# [DIRECTIONS]
Leaving the pictures aside, restate all of the data exactly.

# [DATASET EXTRACT]
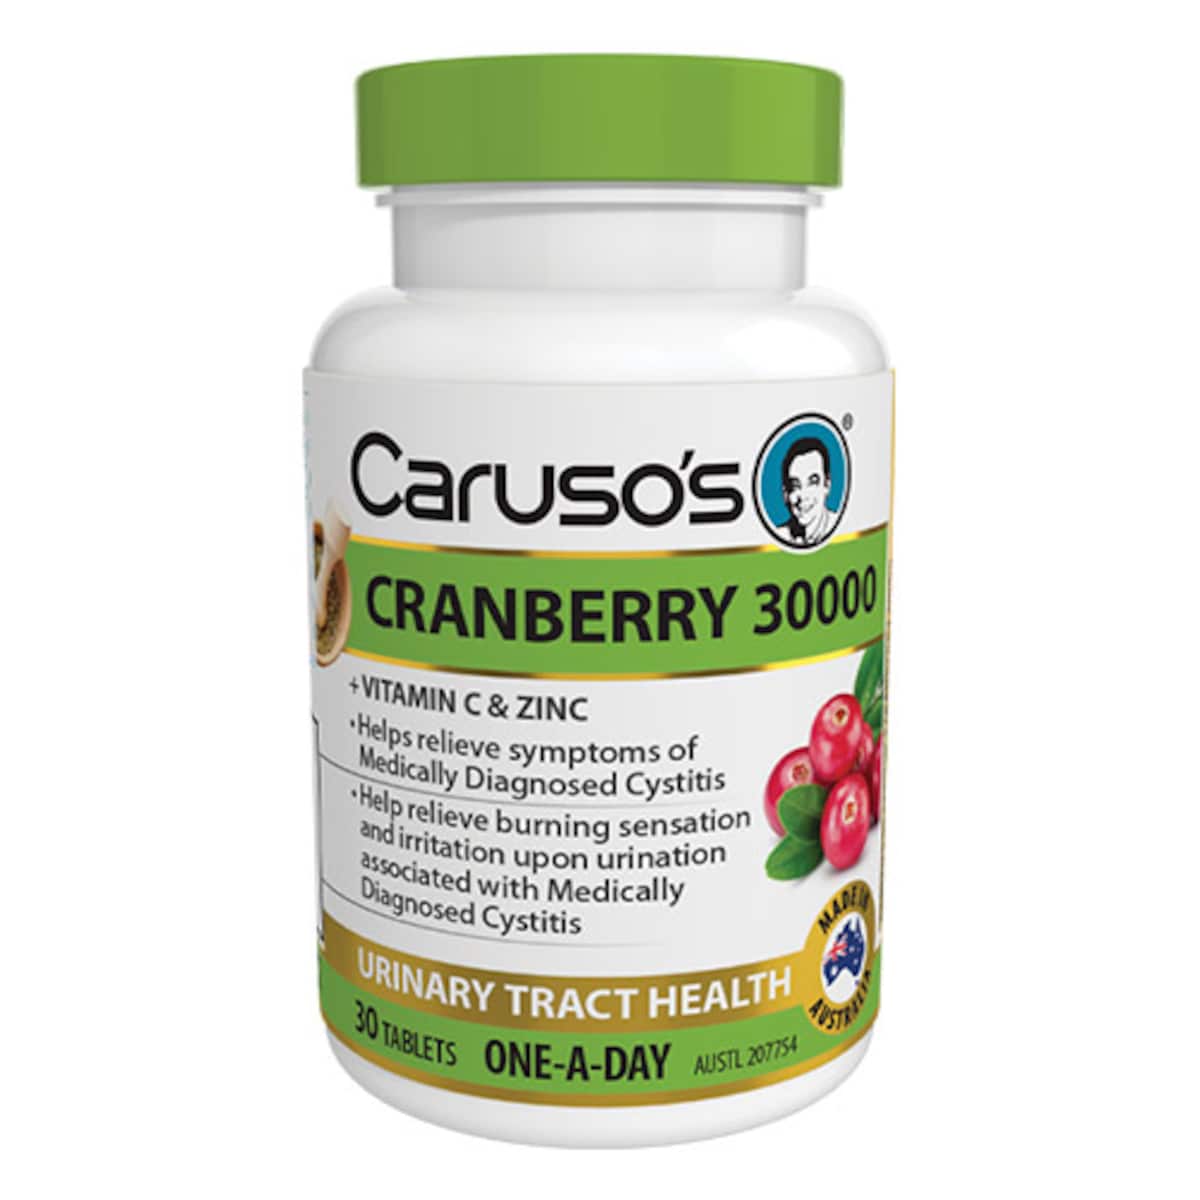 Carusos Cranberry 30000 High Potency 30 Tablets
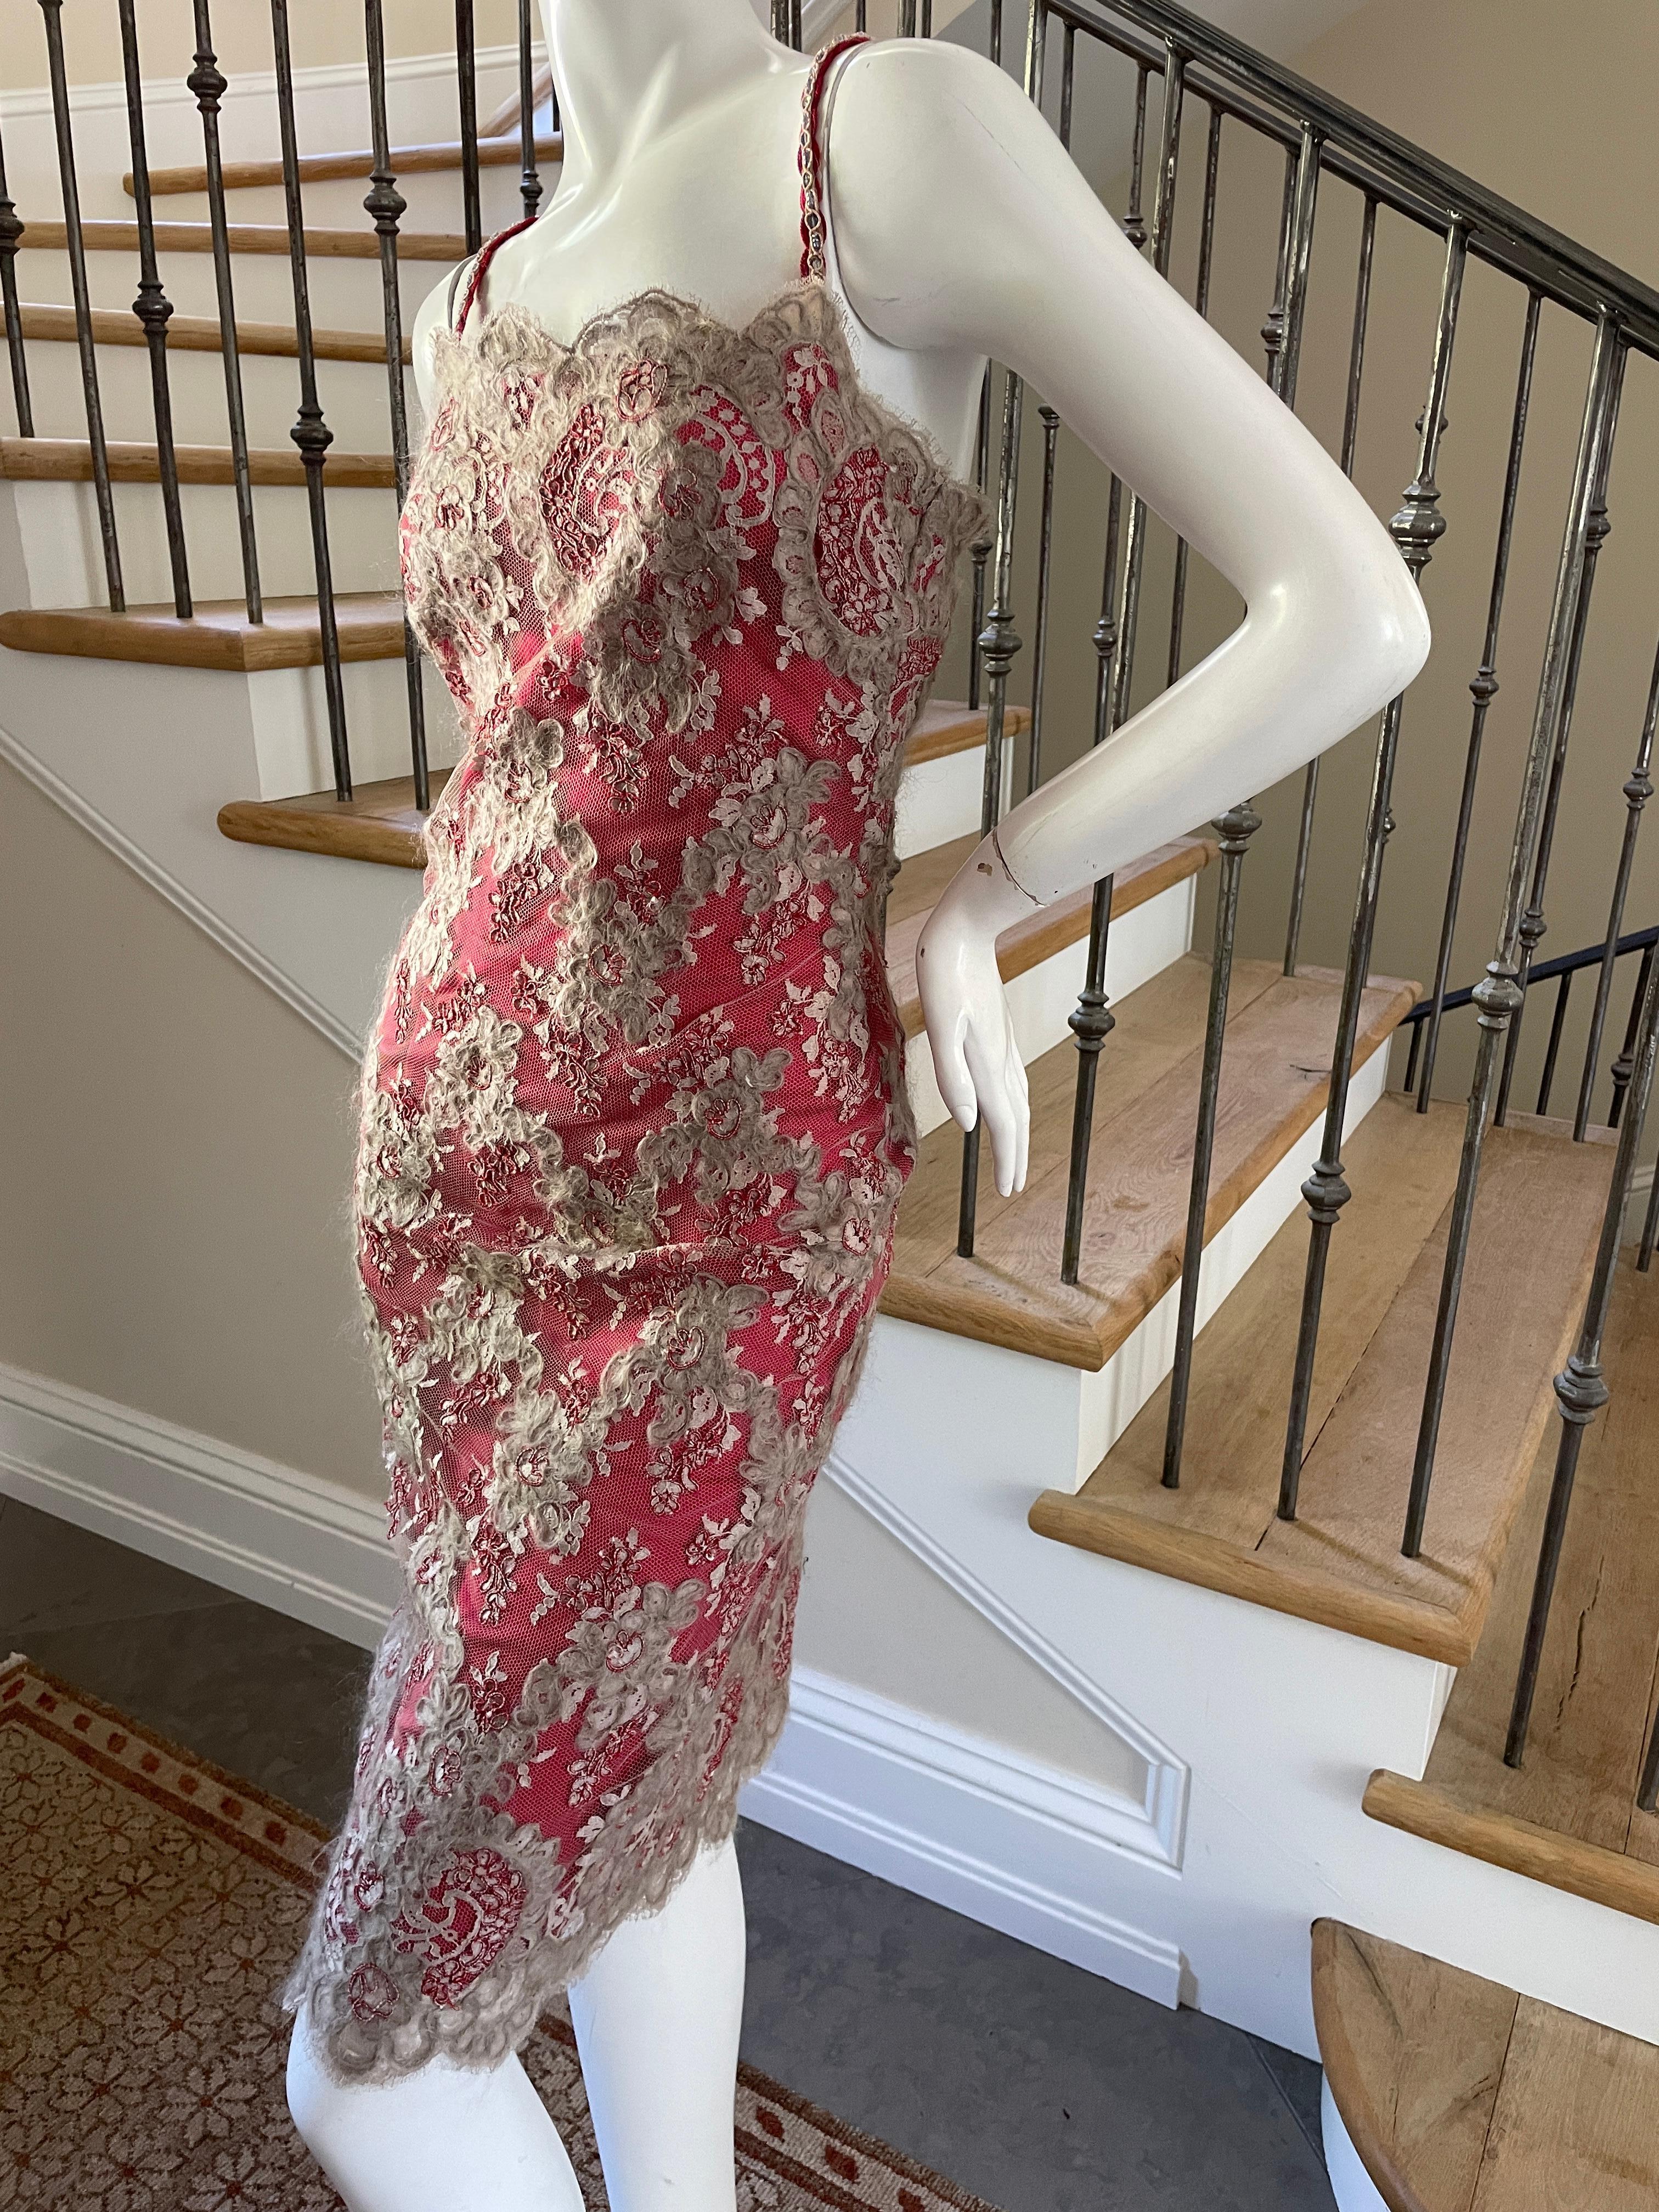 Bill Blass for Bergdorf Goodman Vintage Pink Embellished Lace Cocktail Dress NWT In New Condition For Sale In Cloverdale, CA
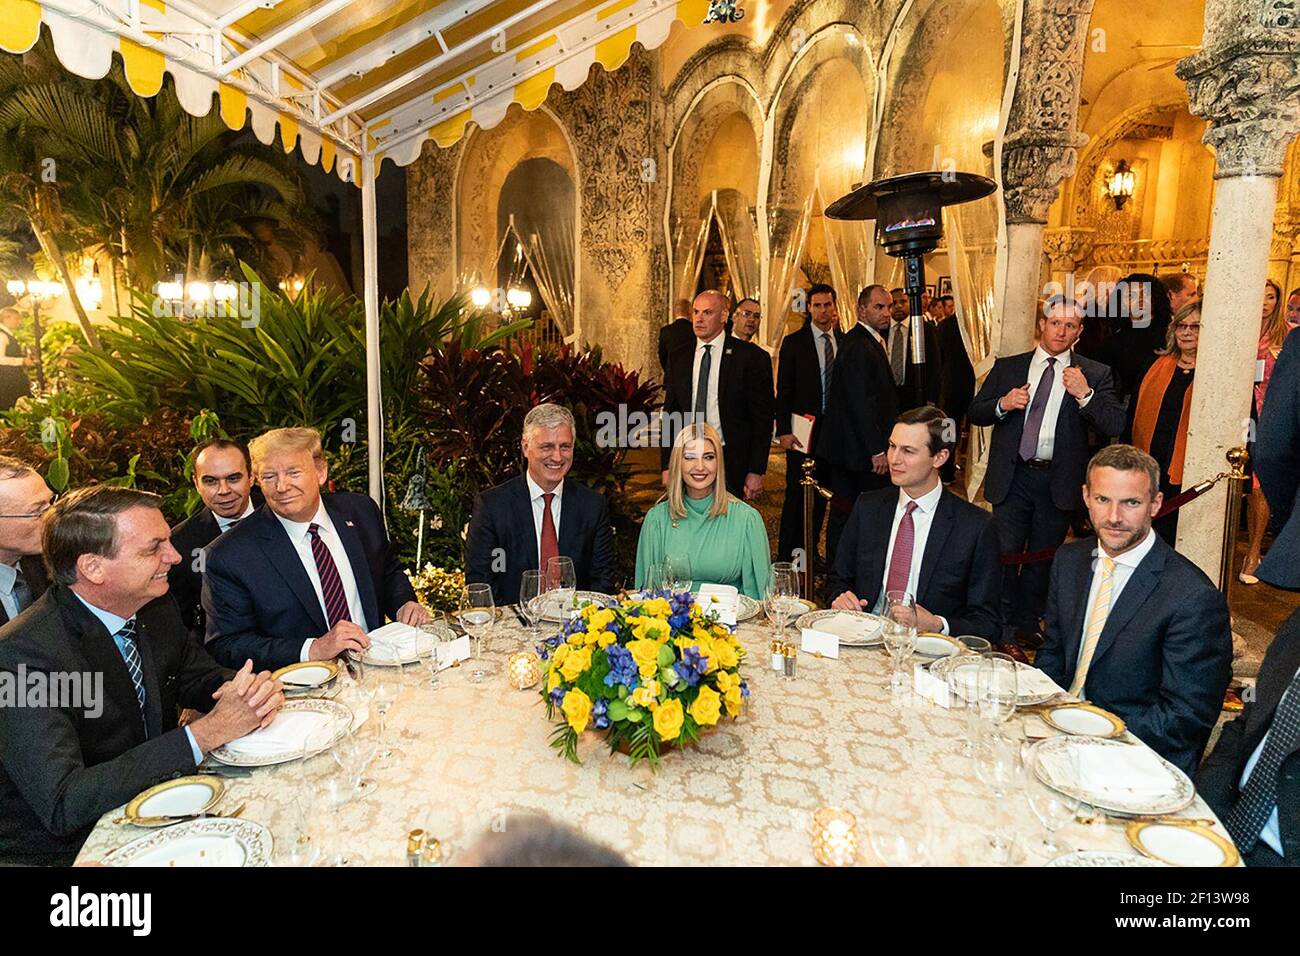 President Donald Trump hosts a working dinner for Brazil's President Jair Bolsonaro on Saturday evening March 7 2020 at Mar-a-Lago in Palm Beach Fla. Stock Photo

# [EXPECTED OUTPUT]
 Carusos Cranberry 30000 High Potency 30 Tablets
 Bill Blass for Bergdorf Goodman Vintage Pink Embellished Lace Cocktail Dress NWT In New Condition For Sale In Cloverdale, CA
 President Donald Trump hosts a working dinner for Brazil's President Jair Bolsonaro on Saturday evening March 7 2020 at Mar-a-Lago in Palm Beach Fla. Stock Photo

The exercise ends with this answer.